Buying a suit? Keep these 5 things in mind21.7. 2020, Daniel Rufer
When a suit doesn't fit right, it shows. And it shows a lot. Since you probably don't want that to happen, we have put together a list of 5 things to keep in mind when picking the right suit size.
Touch the shoulders
There is not much even a really good tailor can do if the jacket doesn't fit your shoulders, which is why getting the right fit there should be your main point of concern. You can find it out easily - by touch. Do the shoulder pads end at the same place your shoulders do? Is there no space between the end of your shoulders and the shoulder pads? Does the fabric fit right without stretching at the collar? Then you have found the right fit.
You should also check the sleeves connection, which shouldn't visibly crease.
Altering the sleeve length is a tad bit easier, if you don't try to shorten it by more than 4 centimeters. Shortening it by more than that might lead to you losing one of the buttons. Shortening jackets with functional button cuffs may be a bit more demanding - in an ideal world one should do that by shortening the sleeves at the shoulder, not at the end, since you can't just resew the buttons a bit higher. The not ideal approach (one which would only work when shortening the sleeves by just 1 to 4 centimeters) is to shorten it at the ends.

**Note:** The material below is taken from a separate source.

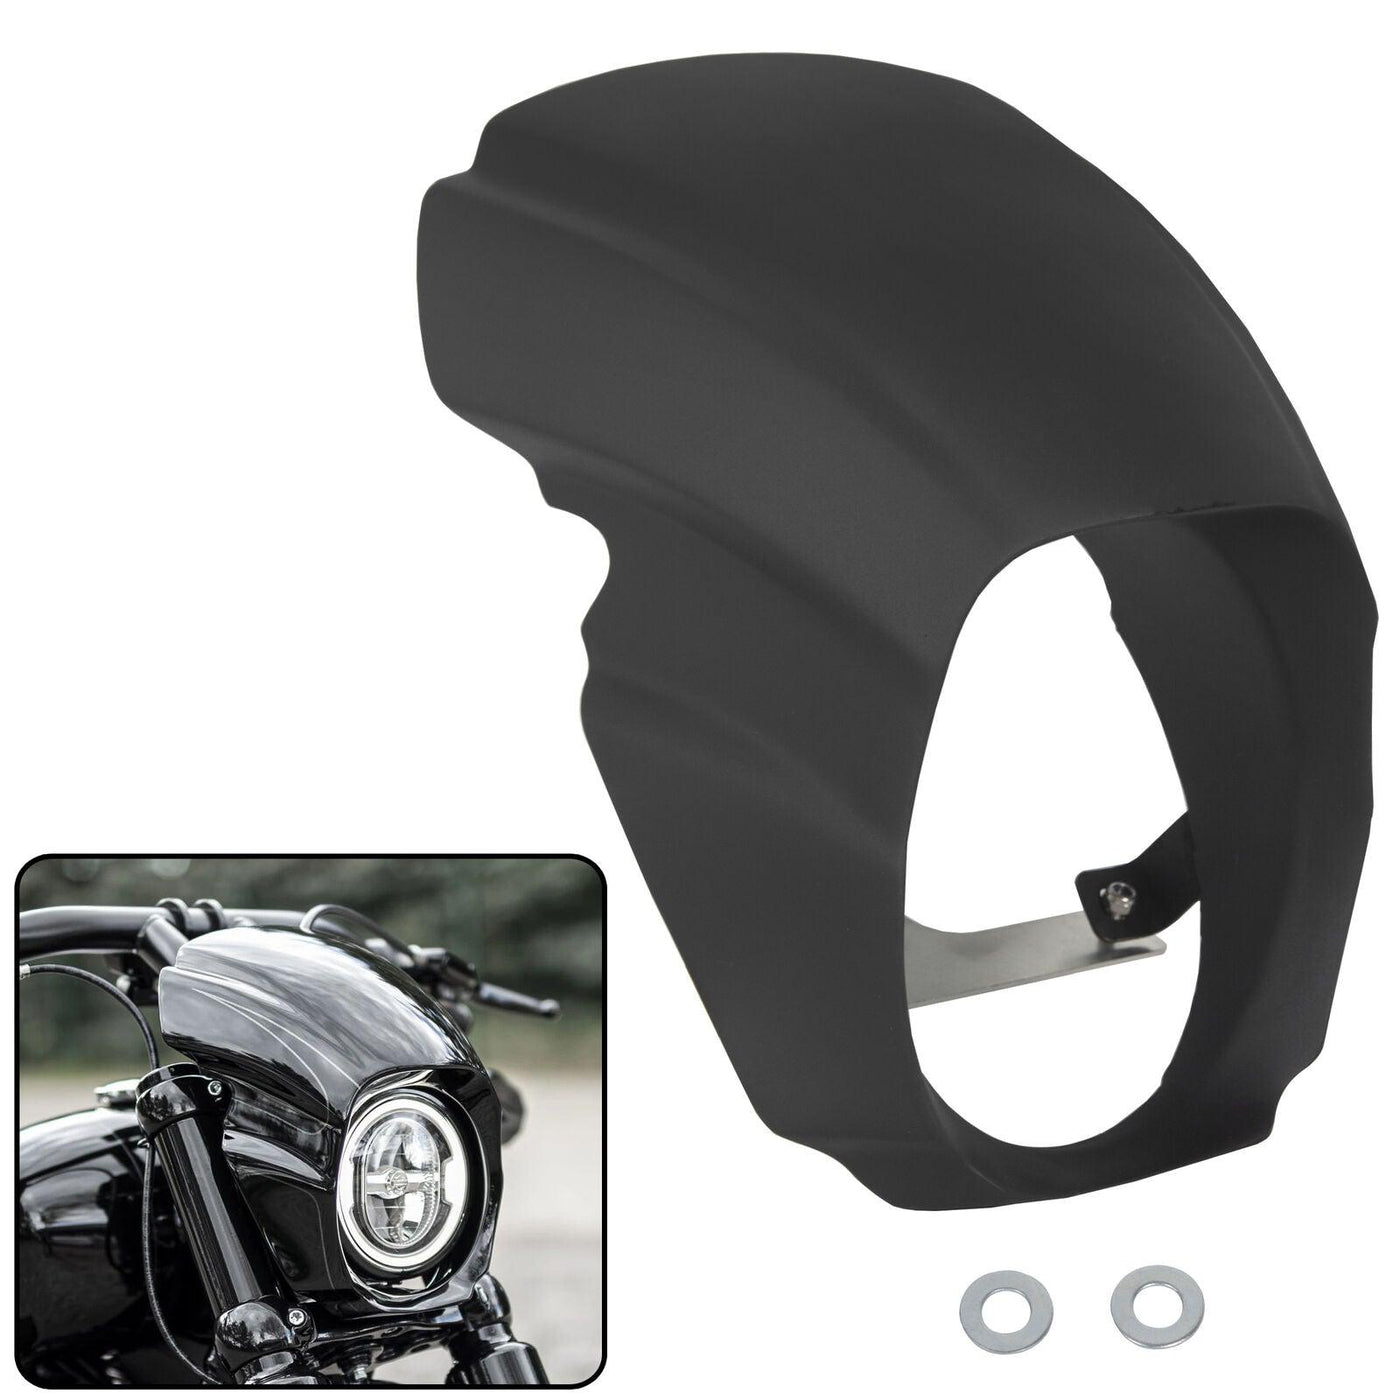 For 18-20 Harley Softail Breakout FXBRS Headlight Fairing Cowl Cover/Cover Mask - Moto Life Products

The jacket's sleeve should end at the wrist edge, so that it shows about 1.5 cm of your shirt's cuff. Never let the jacket to cover the cuff completely.
No collar gap
It is your posture that partially defines how your jacket's collar fits. If you don't stand up straight, a small collar gap might form. You can solve that by trying another brand of suits, or just a different fit.
The collar shouldn't leave any space between itself and your neck.
It may seem self-evident, but your jacket should cover your bottom, to put it politely. These days, however, the modern fits tend to be shorter, with some jackets ending at the belt, which doesn't always look very good.
To sum it up again: your jacket should cover the parts you don't want to show.
Full break, or...
The opinions vary when it comes to the length of the trousers. Most people have to shorten or narrow down their trousers anyway, for they don't usually fit straight away.
The most conservative option is the full break. That means that the trousers close right above the rear top end of your shoe and only fold once at the front. This usually works better with wider fits. Never ever should your trousers cover the entire shoe.
Another option is the medium break, that is quite popular these days. The trousers only fold a little at the front, ergo they are a little shorter, but still alright. This fit works well with narrower fits, which makes it a safe choice for formal and more casual suits alike.
The extreme option is the short break - with no fold at the front at all, as slimmed down as possible. Doing that means your shoes will play a more prominent part.
To sum it up
Getting an off-the-rack suit that fits right is not an easy task, plus it won't usually do without some alterations, unless you have a truly standard body shape.
Some final tips to wrap it up with: always check the material. Once you see the PES abbreviation on the label, it usually means the suit is made of polyester - you should run as far away from the shop that offers it as possible. Proper suits are made of natural fabrics, with wool and cotton being the two most common. They are a pleasure to wear, plus they're breathable - something you're going to enjoy once it gets warm outside. For a full-on summer suit, try going with linen.
You should also try to look for whether the shop assistants know what they're doing - unless they can offer some advice and reasonably judge your size, it would be better to go look somewhere else.